Ma Ruisong, Hu Xiaochun, Fu Wenwen, Hu Xiaorong
Department of Cardiology, Hainan General Hospital, Haikou, PR China.
Hainan Affiliated Hospital of Hainan Medical University, Haikou, PR China.
PLoS One. 2025 Jan 30;20(1):e0315489. doi: 10.1371/journal.pone.0315489. eCollection 2025.
Interleukin-34 (IL-34) was recently reported to be a new biomarker for atherosclerosis diseases, such as coronary artery disease and vascular dementia. IL-34 regulates the expression of proinflammatory cytokines (IL-17A, IL-1 and IL-6), which are classical cytokines involved in myocardial ischemia‒reperfusion (MI/R) injury. However, the exact role of IL-34 in MI/R remains unknown. In this study, a rat MI/R model was used to explore the effect of IL-34 on modulating inflammatory processes during MI/R injury. First, eighteen rats were subjected to 30 min of LAD ligation followed by 0 h, 1 h, 2 h, 4 h, 8 h or 24 h of reperfusion (n = 3 for each group). The level of IL-34 peaked at 4 h after MI/R in the ischemic myocardium. Next, ischemia for 30min and reperfusion for 4h (I/R) model was used. 24 rats were randomly divided into I/R group (n = 8), IL-34+IR group (n = 8) and IL-34+ab12+IR group (n = 8). We found that IL-34 pretreatment increased the expression of inflammatory cytokines, including high mobility group Box 1 (HMGB1), IL-17A, and IL-6; the expression of the apoptosis protein cleaved caspase-3; and the Bcl-2/Bax ratio within the ischemic myocardium. We also observed increased serum cardiac enzymes and a larger myocardial injury area. Treatment with a Janus kinase (JAK) pathway inhibitor, however, partially reduced the expression of these proteins and attenuated myocardial injury. Together, these results showed that IL-34 aggravates MI/R injury by inducing the expression of the HMGB1-IL-17A-IL-6 axis and apoptosis after MI/R, which is partially dependent on the JAK pathway. Therefore, blocking the JAK signaling pathway or inhibiting IL-34 expression might provide a new idea to reduce MI/R injury, but further researches are needed.
白细胞介素-34(IL-34)最近被报道为动脉粥样硬化疾病的一种新生物标志物,如冠状动脉疾病和血管性痴呆。
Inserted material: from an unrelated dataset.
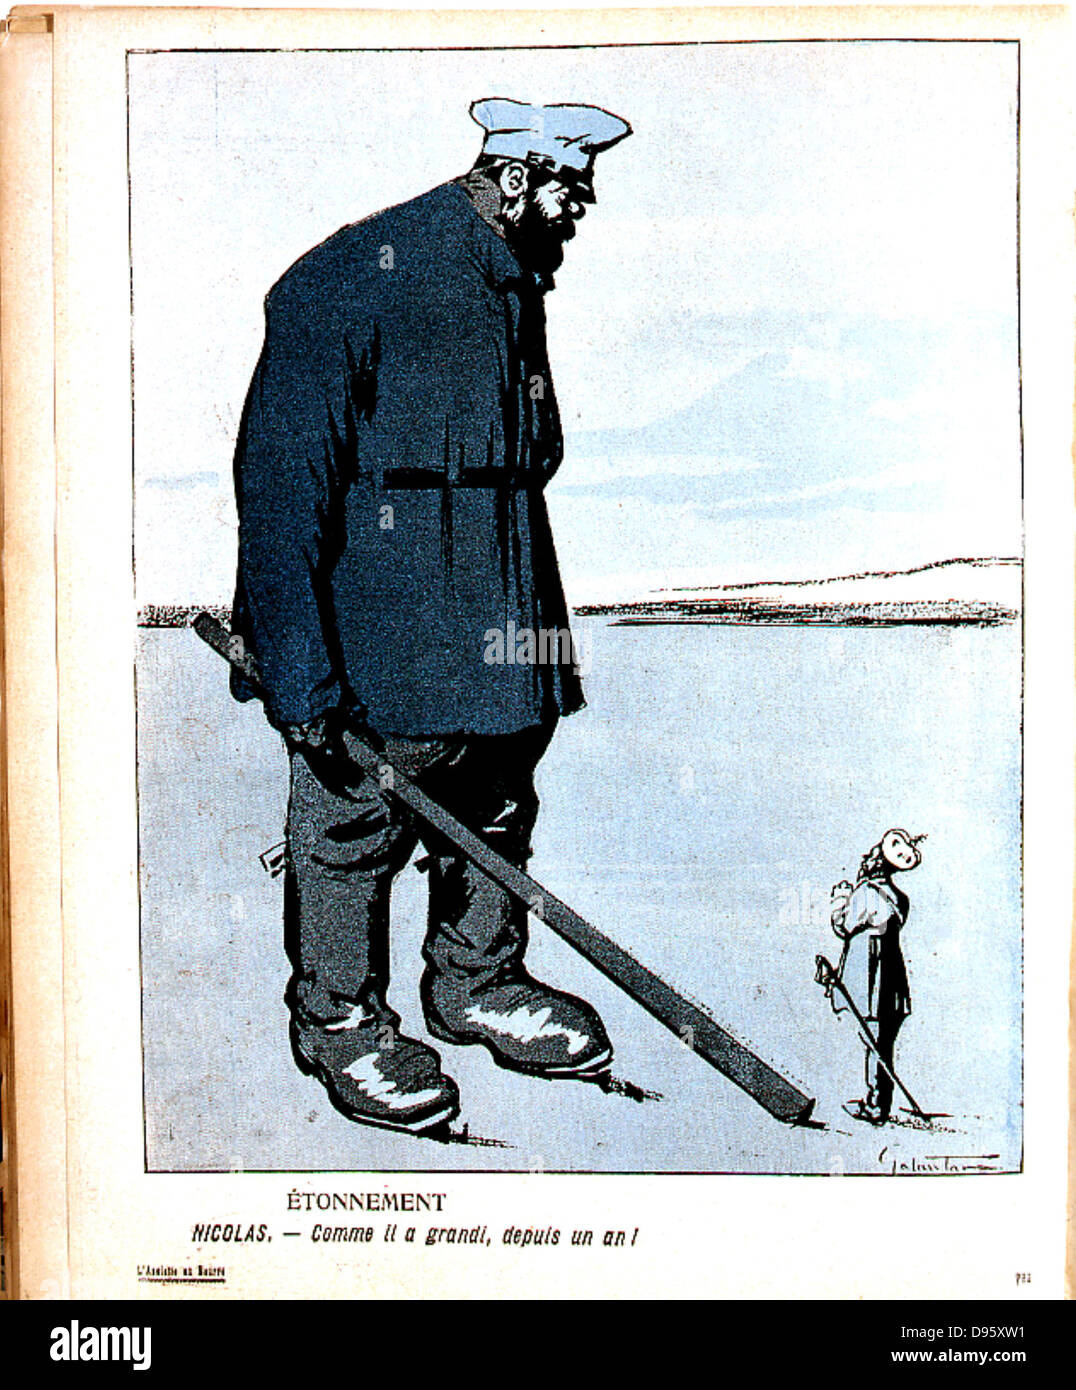 Nicholas II (1868-1919) Tsar of Russia from 1894, dwarfed by the awakening of the Russian people. Cartoon from 'L'Assiette au Buerre', Paris, 10 February 1906. Stock Photo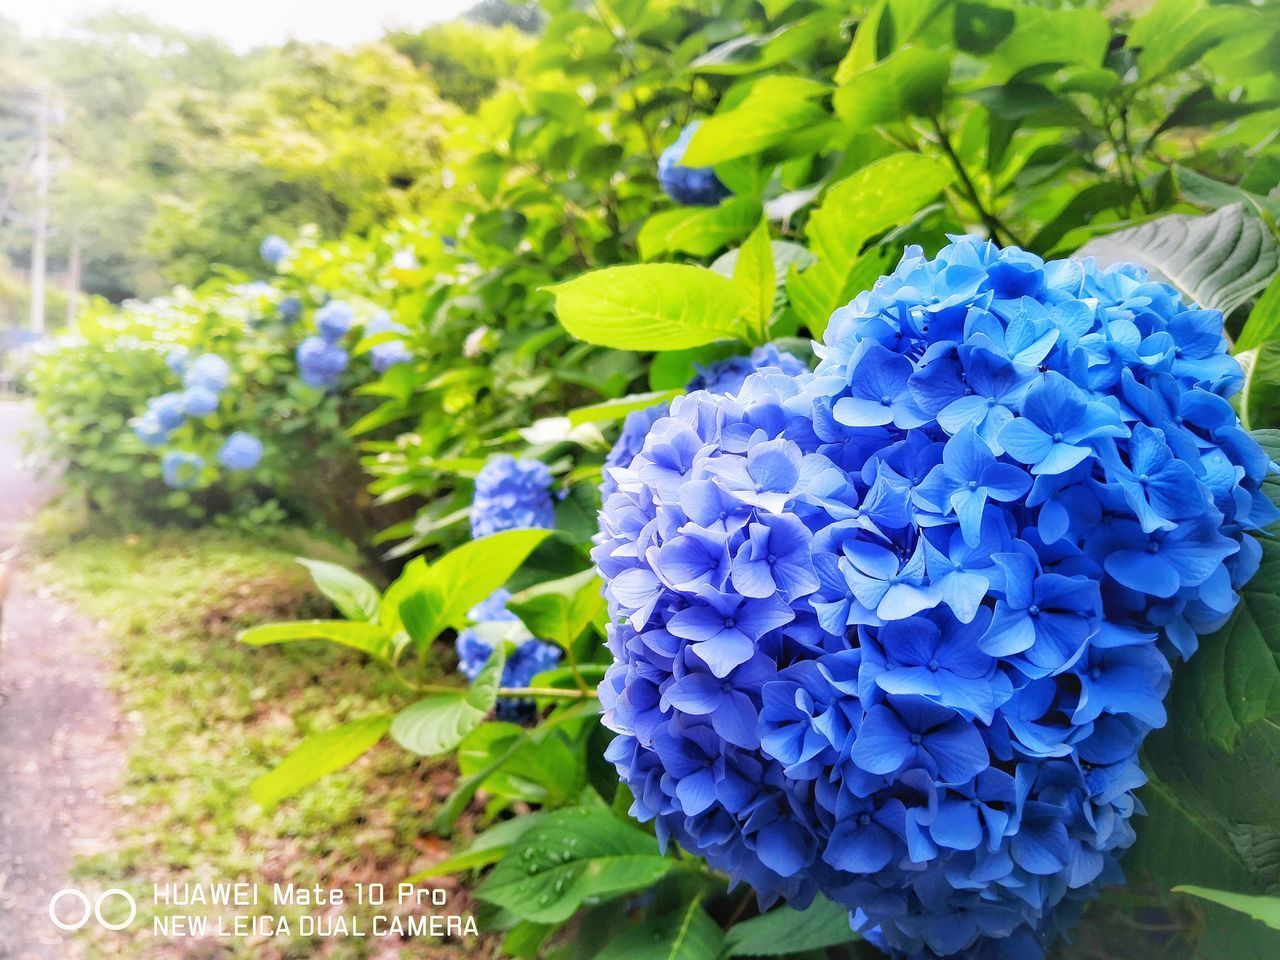 CLOSE-UP OF BLUE HYDRANGEA FLOWERS IN BLOOM

IL-34调节促炎细胞因子(IL-17A、IL-1和IL-6)的表达,这些是参与心肌缺血再灌注(MI/R)损伤的经典细胞因子。然而,IL-34在MI/R中的具体作用仍不清楚。在本研究中,使用大鼠MI/R模型来探讨IL-34在调节MI/R损伤期间炎症过程中的作用。首先,对18只大鼠进行30分钟的左冠状动脉前降支结扎,然后分别再灌注0小时、1小时、2小时、4小时、8小时或24小时(每组n = 3)。MI/R后4小时,缺血心肌中IL-34水平达到峰值。接下来,使用缺血30分钟和再灌注4小时(I/R)模型。将24只大鼠随机分为I/R组(n = 8)、IL-34 + IR组(n = 8)和IL-34 + ab12 + IR组(n = 8)。我们发现,IL-34预处理增加了缺血心肌中炎症细胞因子的表达,包括高迁移率族蛋白B1(HMGB1)、IL-17A和IL-6;凋亡蛋白裂解的半胱天冬酶-3的表达;以及Bcl-2/Bax比值。我们还观察到血清心肌酶升高和更大的心肌损伤面积。然而,用Janus激酶(JAK)途径抑制剂治疗可部分降低这些蛋白的表达并减轻心肌损伤。总之,这些结果表明,IL-34通过诱导HMGB1-IL-17A-IL-6轴的表达和MI/R后的凋亡来加重MI/R损伤,这部分依赖于JAK途径。因此,阻断JAK信号通路或抑制IL-34表达可能为减少MI/R损伤提供新思路,但仍需要进一步研究。